Federal Government Contractors, IT Services, software developers, and technology companies may be required by a vendor or customer by contract to provide some cyber insurance. Signing confidentially agreements, master service agreements, or any contract with insurance implications may go smoother if cyber insurance is in place. It shows the other party you are serious when it comes to protecting their data.

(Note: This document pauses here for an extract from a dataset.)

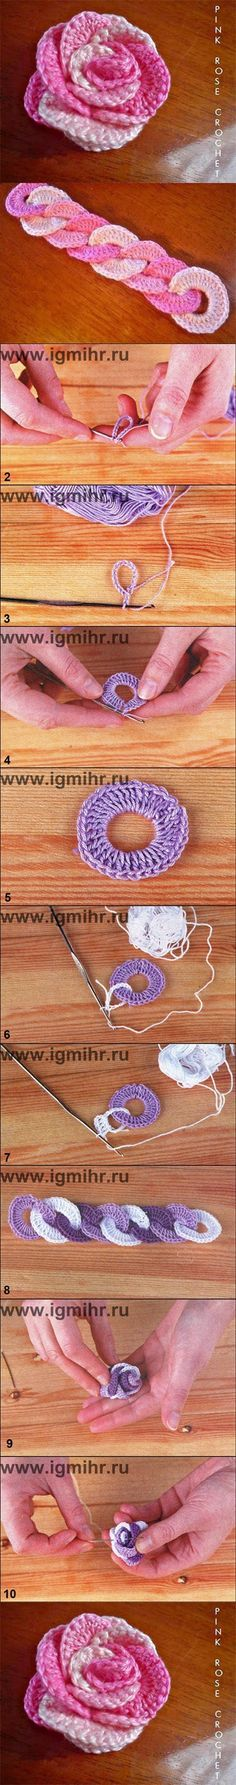 how to DIY Crochet Interlocking Rose, hairband, belt | www.FabArtDIY.com LIKE Us on Facebook ==> https://www.facebook.com/FabArtDIY

6. Your data breach response plan is simplified
Cyber insurance policies bestow all the cyber incident specialists to the policy holder. In other words, if a breach happens, you submit a claim and let your cyber insurance company do the leg work of coordinating responses from a breach coach, an IT forensics firm, a PR agency, notification services providers, call centers, and legal counsel. Many cyber insurance companies also give additional “pre-breach” services to policy holders like Online Security Awareness Training & education, 24/7 cyber hotlines, response readiness assessments and pre-breach white-hat hacking services.
7. Accidents Happen.
Many studies show the majority of breaches are a result of human error. Cyber insurance can help pay the breach costs from an accident like a financial controller forgetting to password protect a spreadsheet or a salesperson forgetting their company laptop in an Uber. The infamous Equifax data breach that exposed records of about half the population of the entire U.S. was reportedly due to the mistake of Equifax employees not properly patching software, i.e. human error.